# Best country to live in?



## mikey2 (Apr 24, 2009)

Anyone got an opion which country would be better to live in between Australia and the UK?


----------



## kaz101 (Nov 29, 2007)

Since I moved from UK to Australia in July 2007 I would say Australia but it really depends on what you are looking for 

Regards,
Karen


----------



## jlms (May 15, 2008)

What is the point of asking such a thing?

Such questions normally provide nothing but a flamewar....


----------



## Glenhope (Mar 4, 2009)

jlms said:


> What is the point of asking such a thing?
> 
> Such questions normally provide nothing but a flamewar....


I have to agree. It's totally a matter of personal preference.

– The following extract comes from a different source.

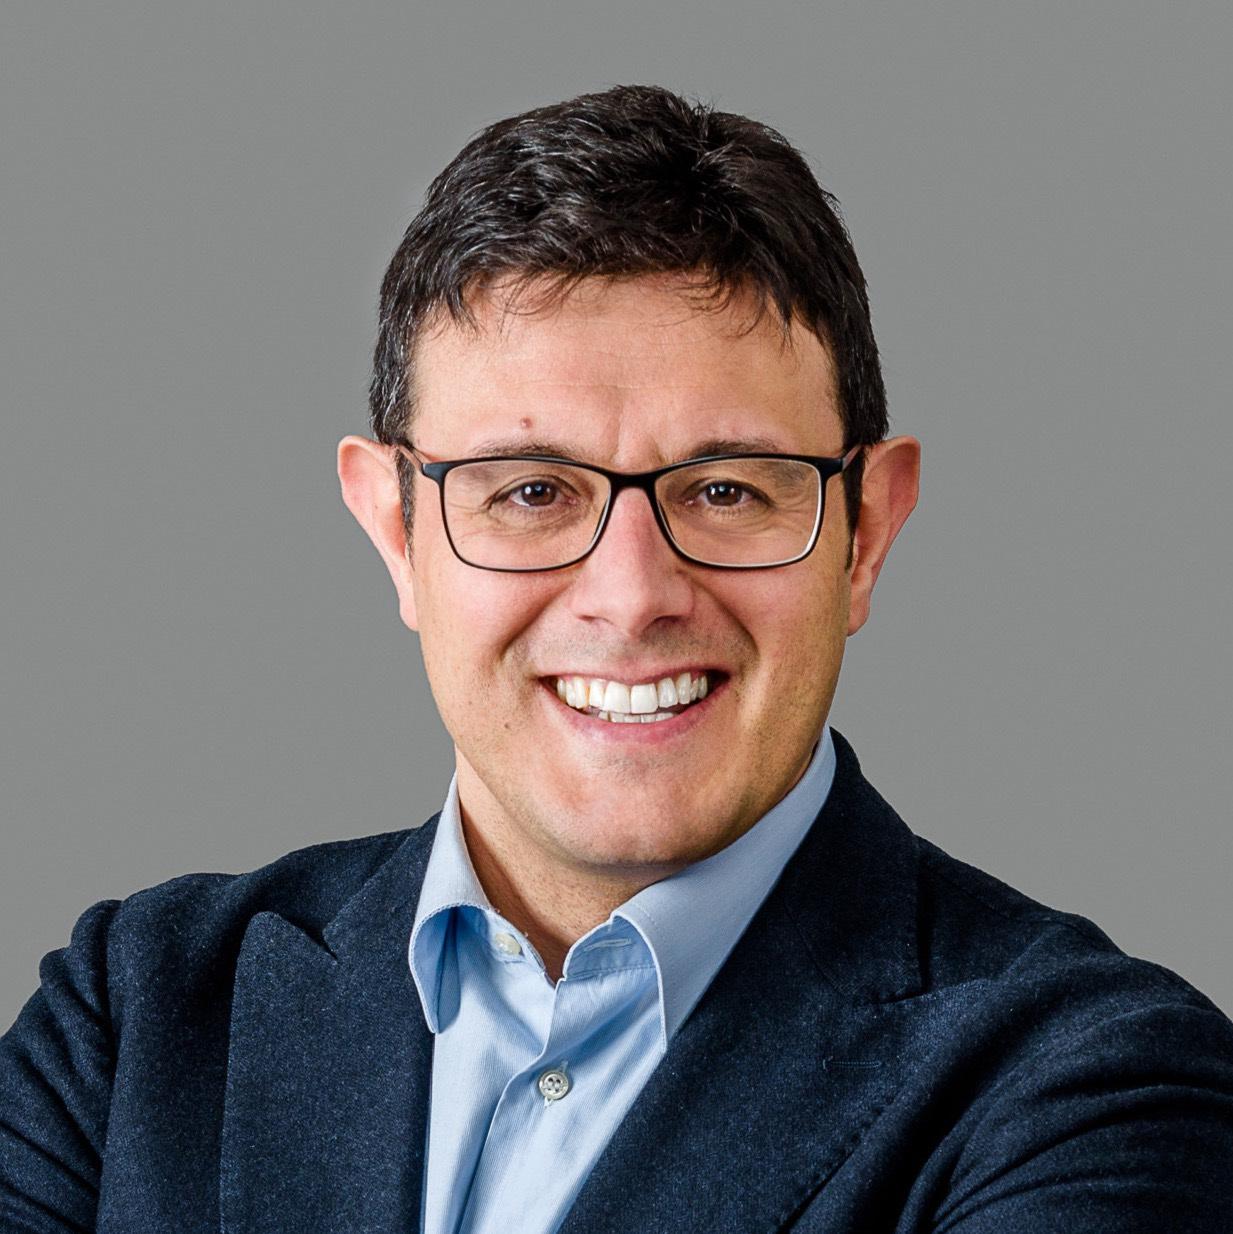 Dott. Marco Bezzi

The only certainty is that Poms want to leave UK.

I like Australia too, having been here on and off for 25 years. However, it is not for everyone. 

To make a sweeping generalisation, Australia has a lot in common with both UK and US, but many differences too. Public transport is abominable and outside the cities, almost non-existent. You can't do without a car or cars. We drive on the left, but priority is to the right (Vic) and there are some unique road rules eg the Hook turn in Melbourne. Speed limits vary from state to state and in NT the speed limit is commonsense. The states are more like sovereign countries (which is what they were pre-federation) than US states. There is a federal government, in Canberra , a city which Australians don't like to visit.
I live in the bush, off an unsealed road with 5 vehicles per day, so it's private. My nearest neighbour is 600 metres away. It's a beautiful place and the surrounding scenery is stunning - plenty of wildlife - birds, snakes, kangaroos, ecidnas, rabbits and foxes.


----------



## 90199 (Mar 21, 2010)

mikey2 said:


> Anyone got an opion which country would be better to live in between Australia and the UK?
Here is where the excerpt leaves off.